Örneğin, DARPA 2018’de “son zamanlarda insanlara sıçrayan ve küresel sağlık görevlileri arasında endişe yaratan yarasa kaynaklı virüslerin komplike nedenlerini ortaya çıkarmak için” bir projeye 10 milyon dolar harcadı. Hem DARPA hem de NIH tarafından desteklenen bir başka araştırma projesi, Colorado Eyalet Üniversitesi’ndeki araştırmacıların “taşıyıcıların insanlara hastalık bulaştırmasındaki rolünü anlamak” amacıyla Orta Doğu Solunum Sendromuna (MERS) neden olan koronavirüsü yarasalar ve develer üzerinde incelediklerine dikkat çekti. Bu haberin ilerleyen kısımlarında ayrıntılı olarak ele alınan ABD askeri destekli diğer çalışmalar, hem Çin hem de Çin sınırındaki ülkelerde yarasalar tarafından taşınan birkaç yeni yeni koronavirüs türü keşfetti.

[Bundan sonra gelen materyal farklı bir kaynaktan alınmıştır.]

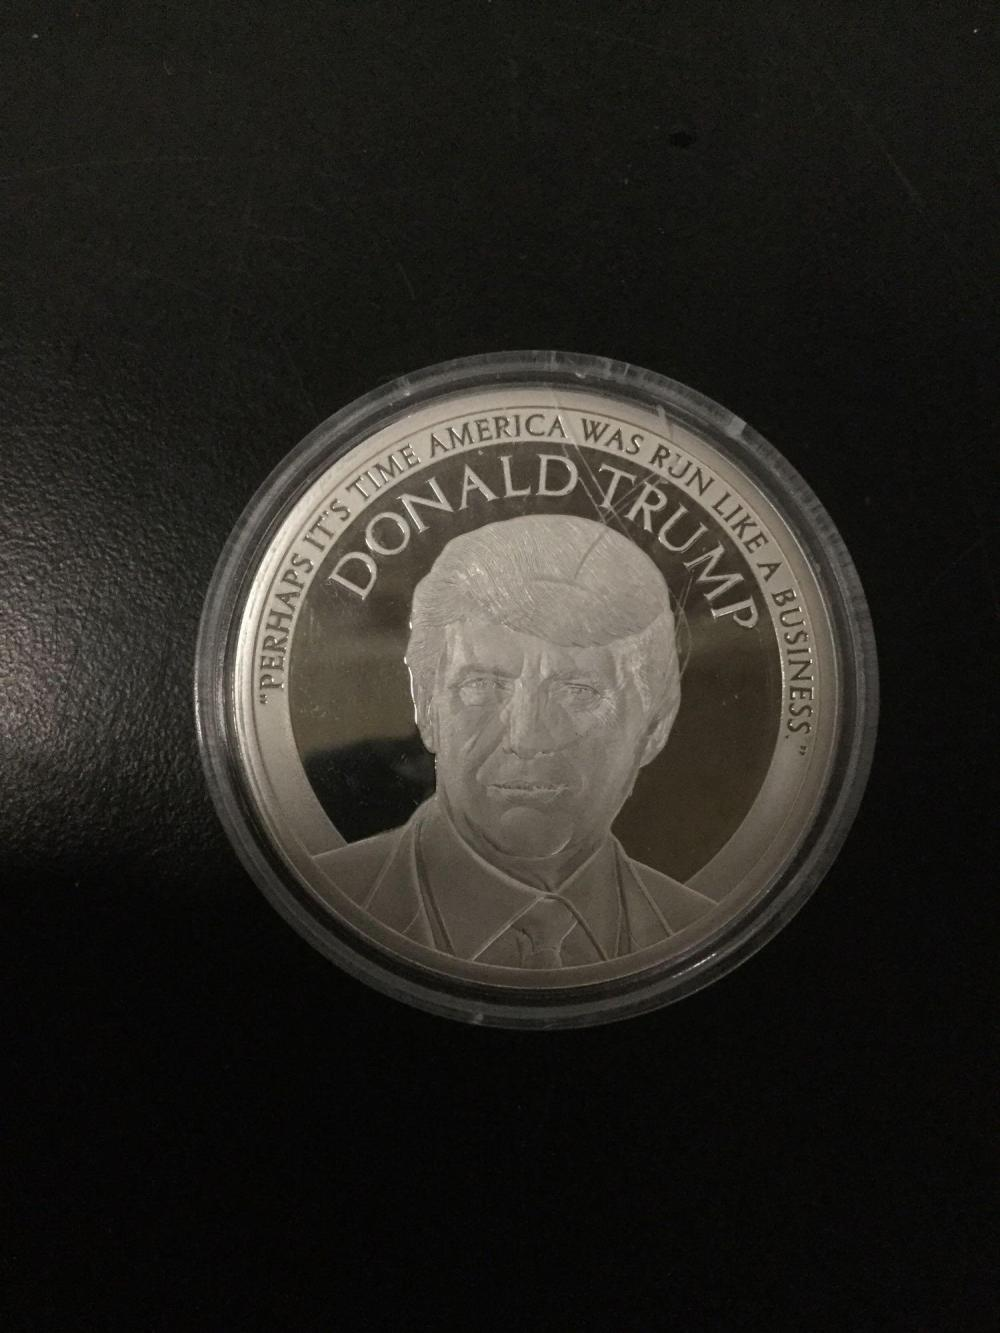 Lot 176: Donald Trump Make America Great Again 1 Oz Silver Round Coin

Bu son araştırma projelerinin çoğu, DARPA’nın Nisan 2018’de resmen ilan edilen Yeni Ortaya Çıkan Patojenik Tehditleri Önleme / PREEMPT programıyla ilgili. PREEMPT özel olarak hayvan hastalıklarına, özellikle de yarasalara odaklanıyor. DARPA dahi programın basın açıklamasında, araştırmanın doğası gereği “ortaya çıkabilecek biyogüvenlik ve biyoemniyet hassasiyetlerin farkında olduğunu” belirtti.

DARPA’nın PREEMPT programının duyurusu, ABD hükümetinin tehlikeli patojenleri içeren “işlev kazancı” çalışmaları üzerine bir moratoryumu tartışmalı bir şekilde sona ermesine karar vermesinden sadece birkaç ay sonra geldi. VICE News “işlev kazancı” çalışmalarını şöyle açıkladı:

‘İşlev kazancı’ çalışmaları olarak bilinen bu tür araştırmalar görünürde doğanın bir adım önünde olmaya çalışmakla ilgilidir. Bilim insanları daha patojenik ve kolayca bulaşabilen süper virüsler yaparak, bu virüslerin evrimleşme biçimini ve genetik değişikliklerin virüsün ana-taşıyıcı ile olan etkileşimini nasıl etkilediğini inceleyebilirler. Bilim insanları bu bilgileri kullanıp, bir pandemiyi ortadan kaldırabilen antiviral ilaçlar geliştirerek bu özelliklerin doğal ortaya çıkışını herkesten önce ele geçirmeye çalışabilirler.”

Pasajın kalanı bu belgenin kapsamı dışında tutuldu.